Colorado’s board is the best-known example. Maryland and Washington have adopted similar approaches.

These boards ask necessary and important questions.

  • Is a particular medicine affordable for patients and purchasers?
  • What evidence should policymakers consider when evaluating affordability?
  • When, if ever, should a state establish a payment limit?

In October 2025, Colorado’s PDAB established a UPL, which industry has challenged in court. The litigation raises important constitutional questions about the relationship between federal patent rights and state authority to protect consumers. Those questions deserve careful consideration.

But they also raise another question that matters every bit as much to patients: should a federal patent give a company complete pricing immunity from reasonable state efforts to address unaffordable medicines?

That conversation is far from over.

Regardless of how the Colorado litigation ultimately concludes, State Review PDABs have already changed the national discussion by focusing attention on some of the medicines placing the greatest strain on patients, employers, taxpayers, and state budgets.

The Fair Price PDAB

A third approach has emerged following Congress’s creation of Medicare’s Drug Price Negotiation Program.

Rather than asking a state board to develop its own payment methodology, Fair Price PDABs build on the prices the federal government has already negotiated with manufacturers.

Medicare’s Maximum Fair Prices took effect for the first ten medicines on January 1, 2026. Another fifteen negotiated prices will take effect on January 1, 2027. Fifteen additional medicines are scheduled to follow in 2028.

Minnesota has already incorporated one version of this concept into state law.

Other states may pursue different variations.

One promising approach would begin by applying Medicare’s negotiated prices to a state’s own employee and retiree health plans before considering broader applications elsewhere in the market. States have long exercised broad authority over how taxpayer dollars are spent and how they administer their own programs. Beginning there allows policymakers to measure savings, monitor patient access, evaluate provider impacts, and build practical experience before deciding whether additional steps are warranted.

Like every significant policy innovation, these ideas will continue evolving as states gain experience and courts provide additional guidance.

Three Approaches, One Goal

One thing has become increasingly clear. There is no longer a single “PDAB model.”

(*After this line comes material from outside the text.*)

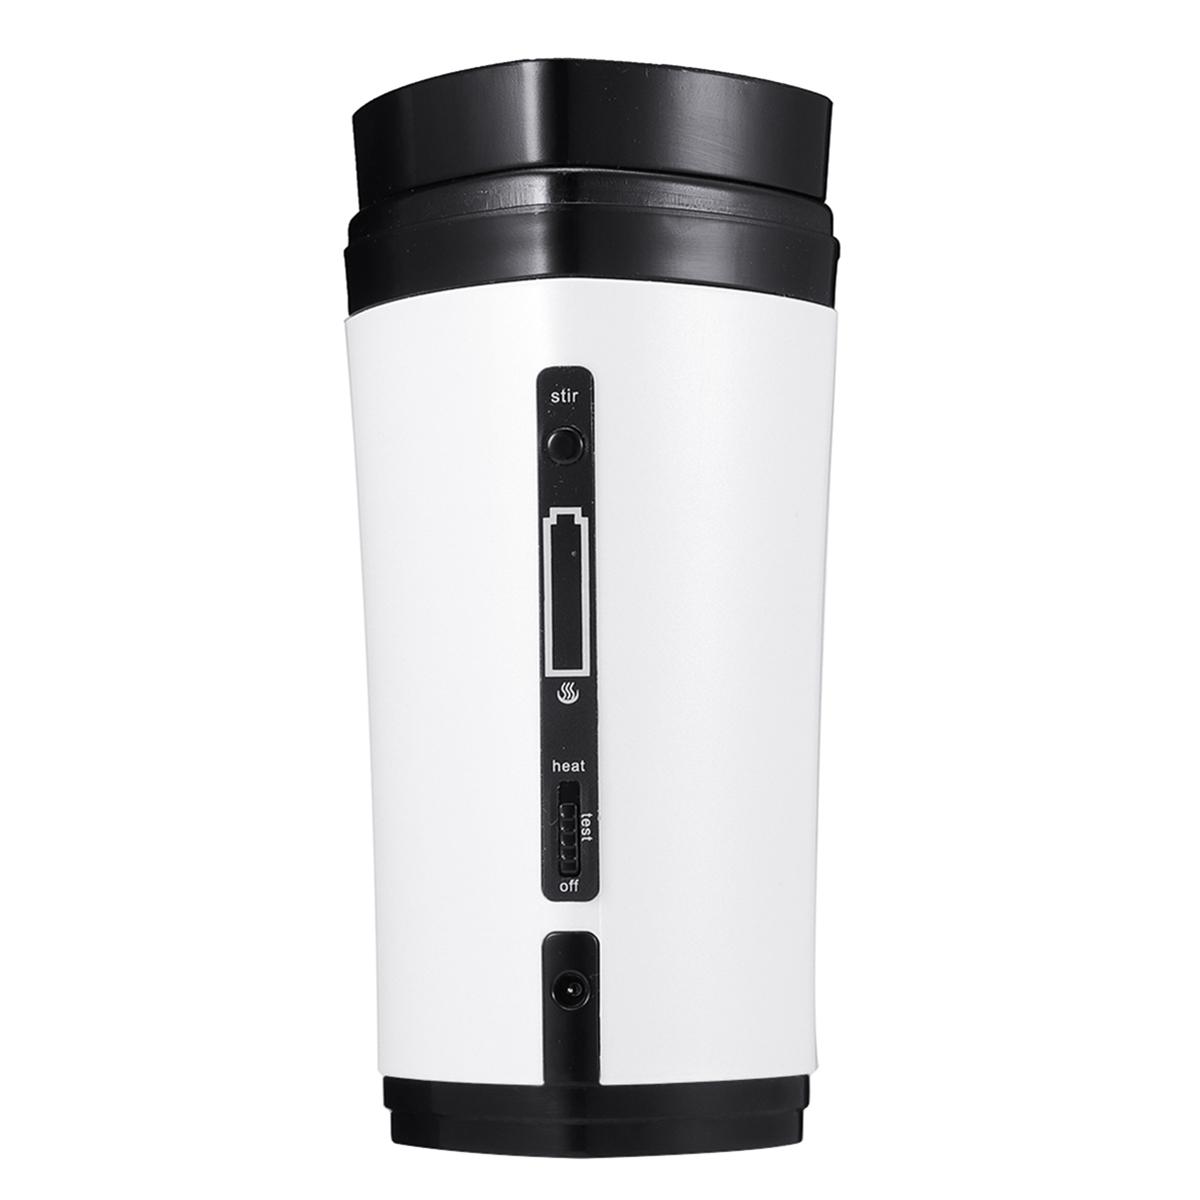 USB-чашкадлякофеПерезаряжаемыйнагревSelf Stirring Mixing Mug Warmer Coffee Capsule Cup

Instead, states are pursuing different approaches to the same challenge.

Some begin with transparency, while others conduct independent affordability reviews and still others are exploring how Medicare’s negotiated prices can inform state policy.

Each reflects different priorities. Each raises different implementation questions. Each contributes to a broader understanding of how states can improve affordability while protecting patient access and encouraging continued innovation.

That should not be viewed as confusion. It should be viewed as progress.

For generations, states have served as laboratories of democracy, testing ideas, learning from one another, and refining public policy over time. Prescription drug affordability is proving no different.

Looking Ahead

At Americans for Lower Drug Prices, we believe state policymakers deserve practical options, not ideological purity tests.

Every state faces different challenges, and every legislature has different priorities. The best approach for one state may not be the best approach for another.

Our role is not to insist that there is only one path forward.

Our role is to help policymakers understand the growing set of tools available to improve affordability, protect access, and encourage healthy competition.

The conversation about prescription drug affordability has become more sophisticated over the past several years. That is good news, because patients deserve more than slogans. They deserve reforms that are thoughtful, effective, and durable.

Our goal is not simply to pass the most ambitious bill. It is to help states enact the most durable reforms: reforms that withstand legal scrutiny, earn public trust, and deliver lasting benefits for the patients who depend on affordable medicines.

Patients have waited long enough. Prescription drug pricing should not be a black box.